** Dataset section **
====================

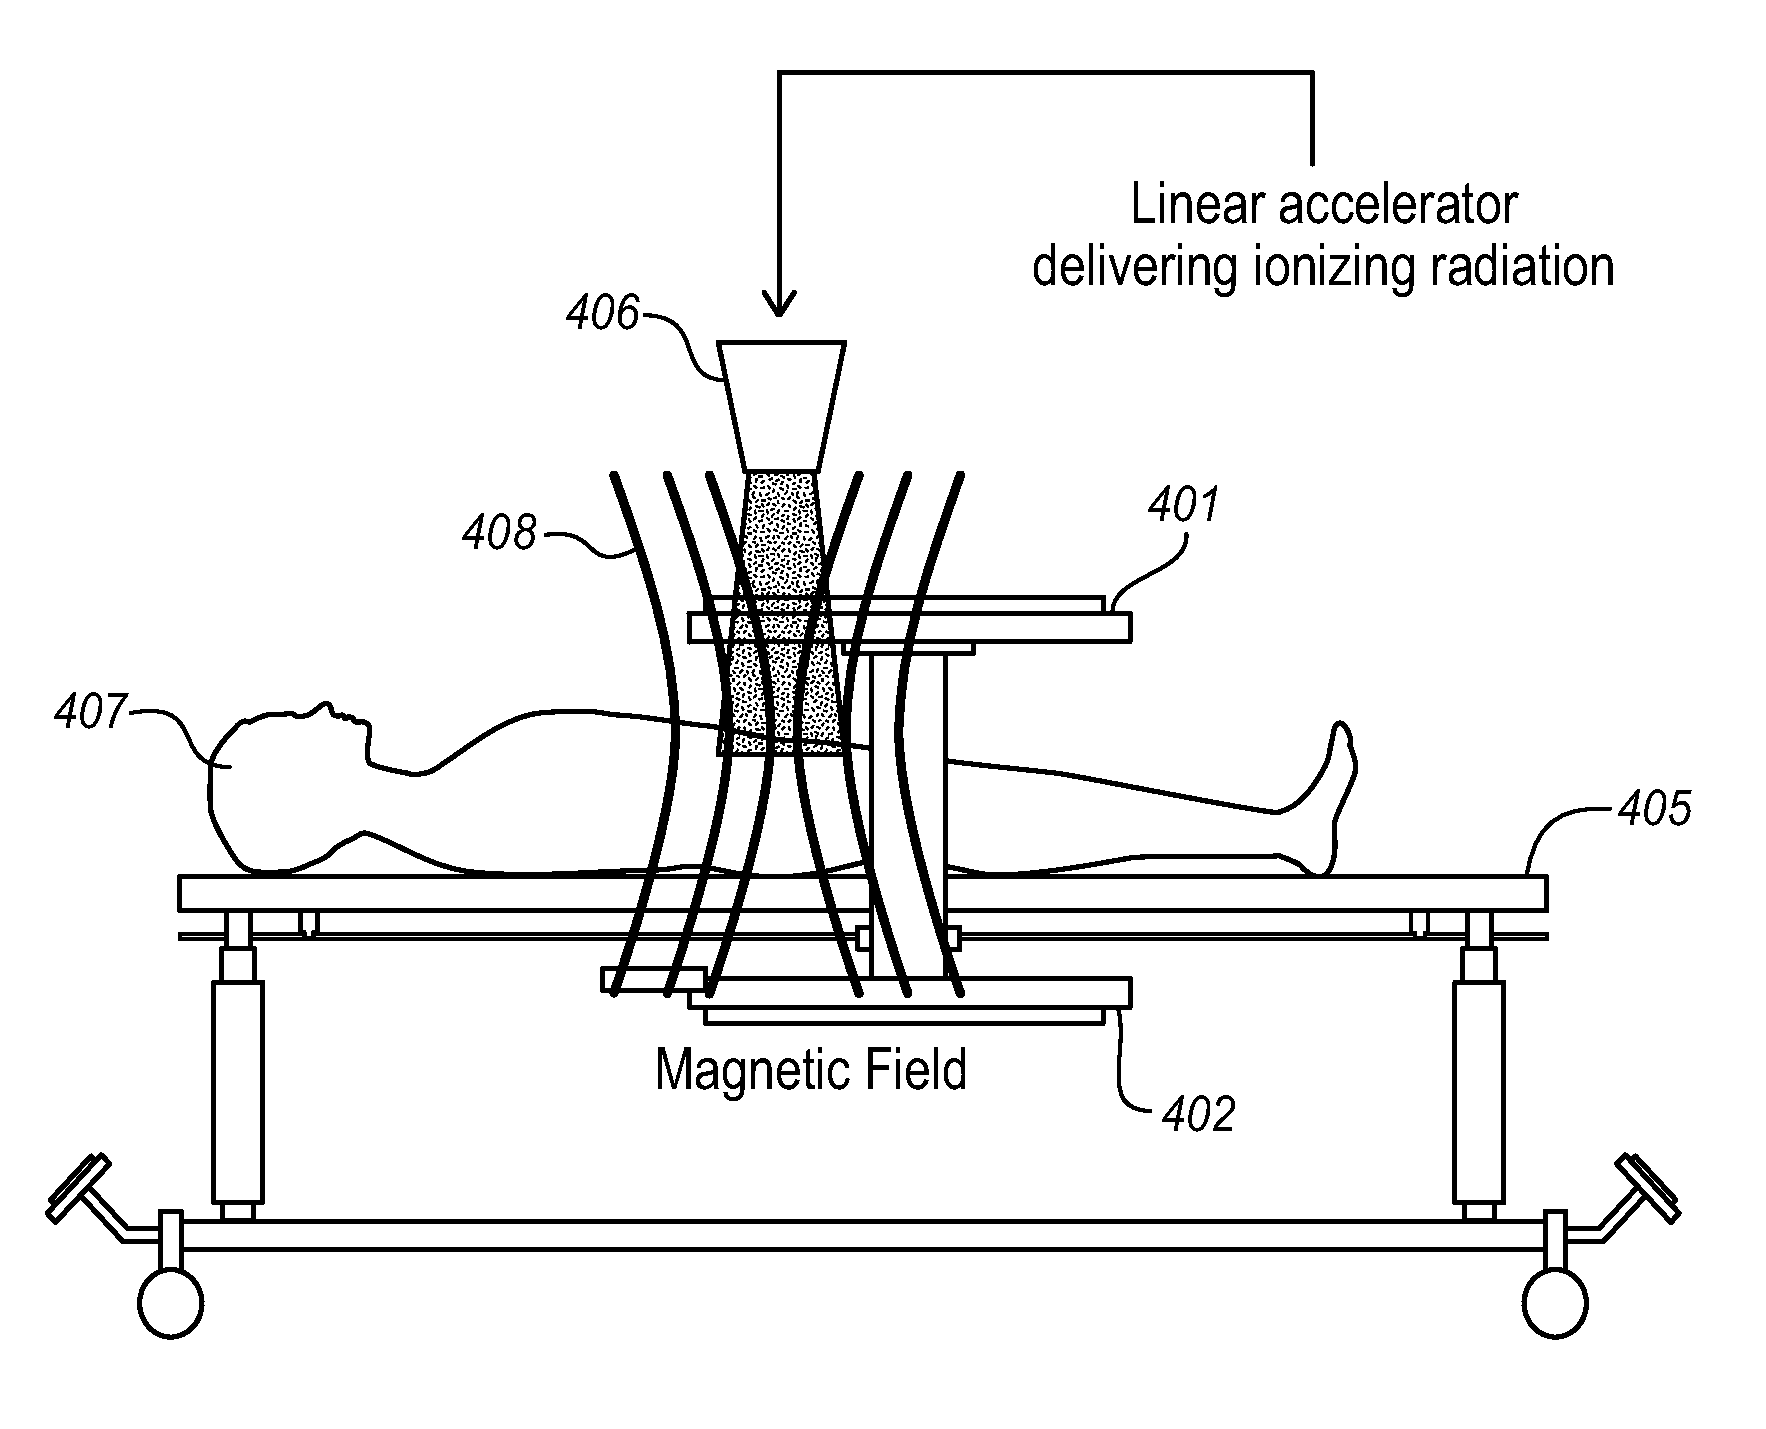 Apparatus for the generation of an energy field for the treatment of cancer in body cavities and parts that are cavity-like
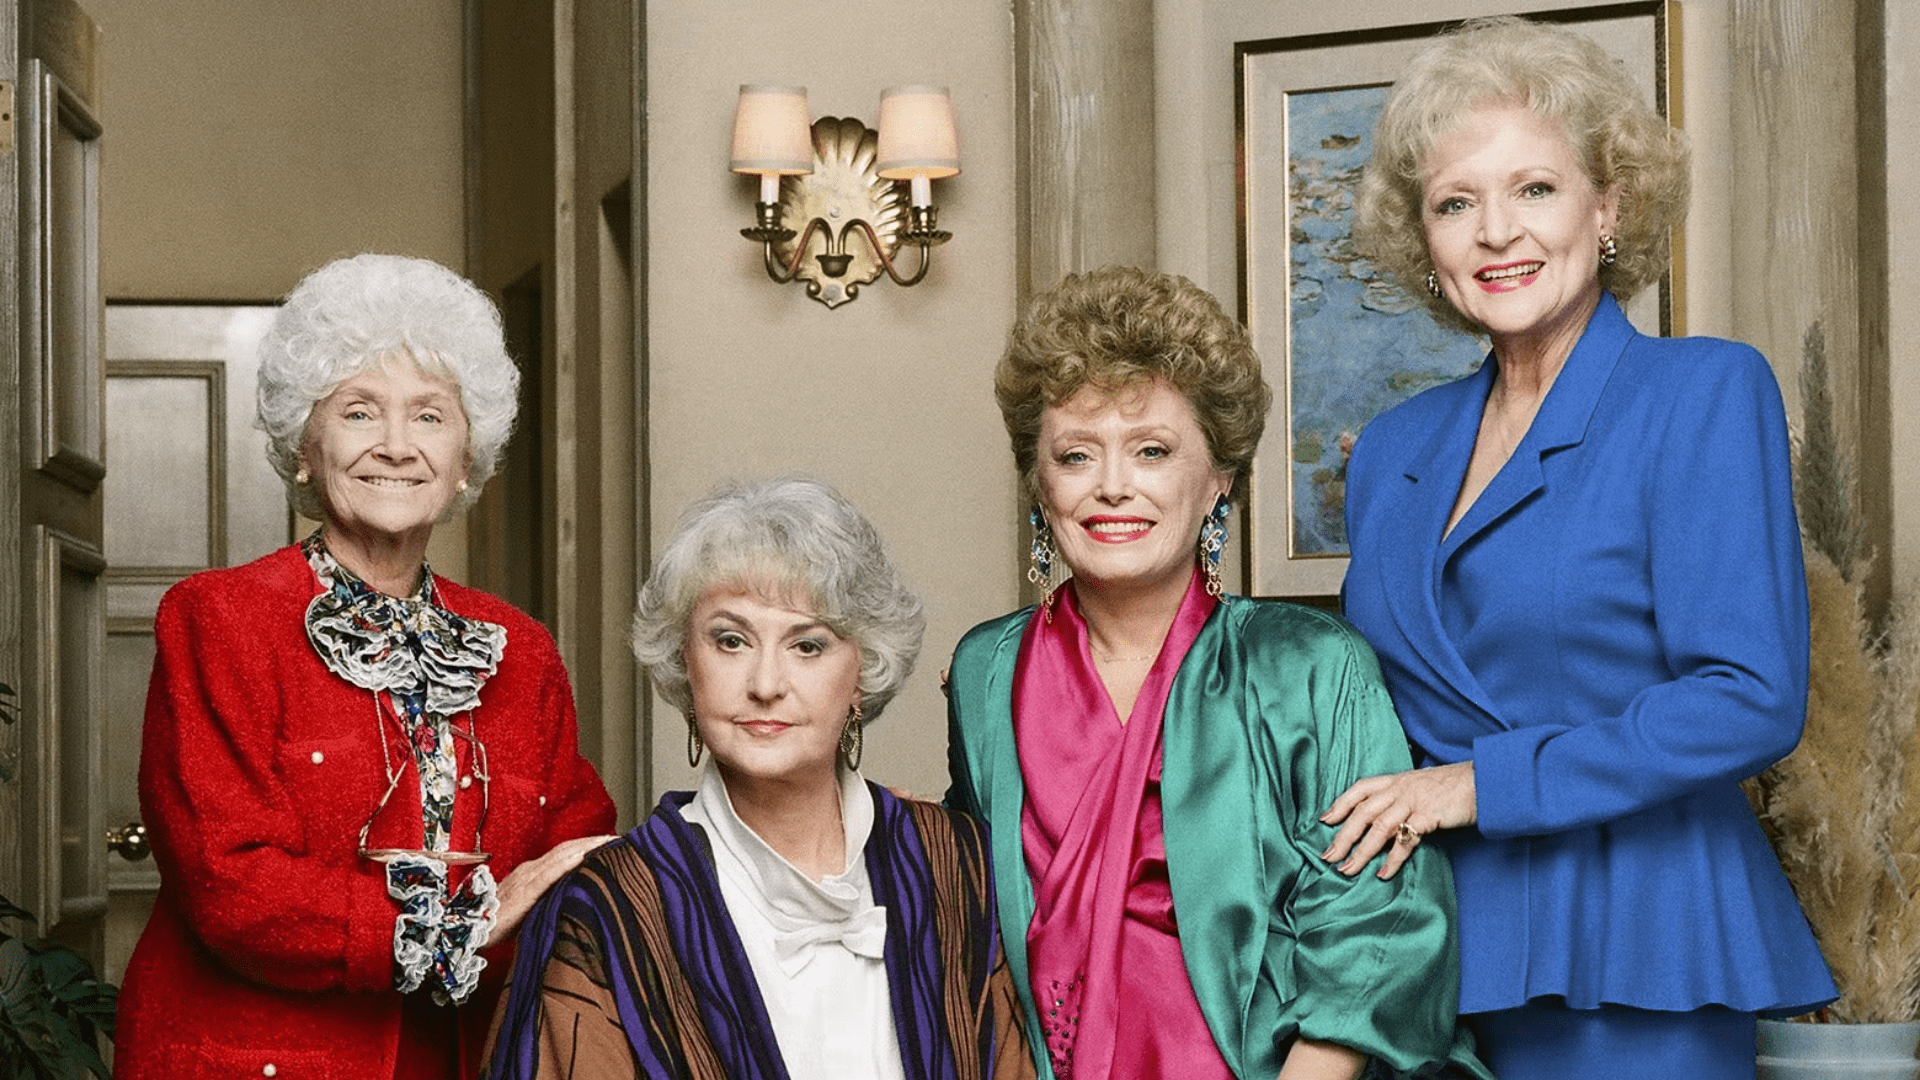 Ultimate List Of 117 The Golden Girls Facts For All Classic Sitcom Lovers - The Golden Girls Facts
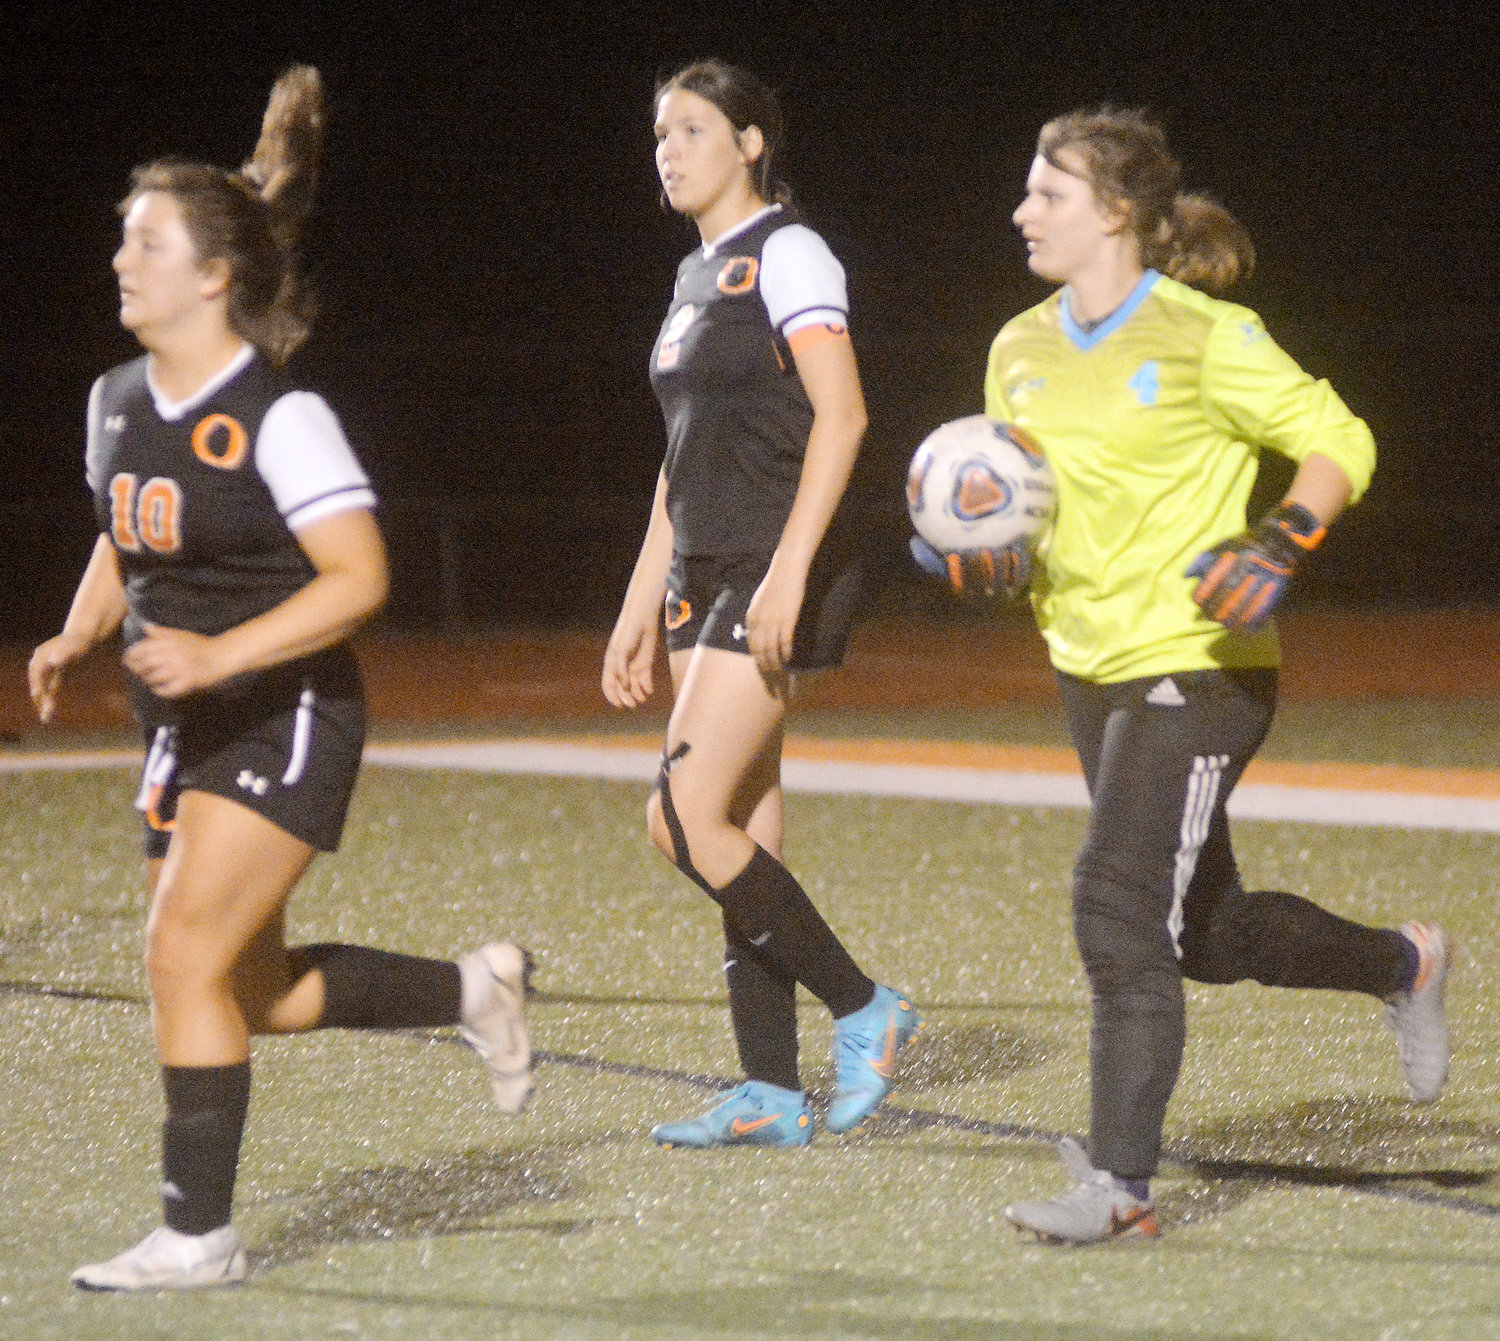 Paige Loyd (far right) prepares to kick the soccer ball down field in the Owensville Tournament championship match against Sullivan’s Lady Eagles.

====================

** Your assignment **
With the pictures left out, return all the material above exactly.

** Result of this exercise **
 Apparatus for the generation of an energy field for the treatment of cancer in body cavities and parts that are cavity-like
 Ultimate List Of 117 The Golden Girls Facts For All Classic Sitcom Lovers - The Golden Girls Facts
 Paige Loyd (far right) prepares to kick the soccer ball down field in the Owensville Tournament championship match against Sullivan’s Lady Eagles.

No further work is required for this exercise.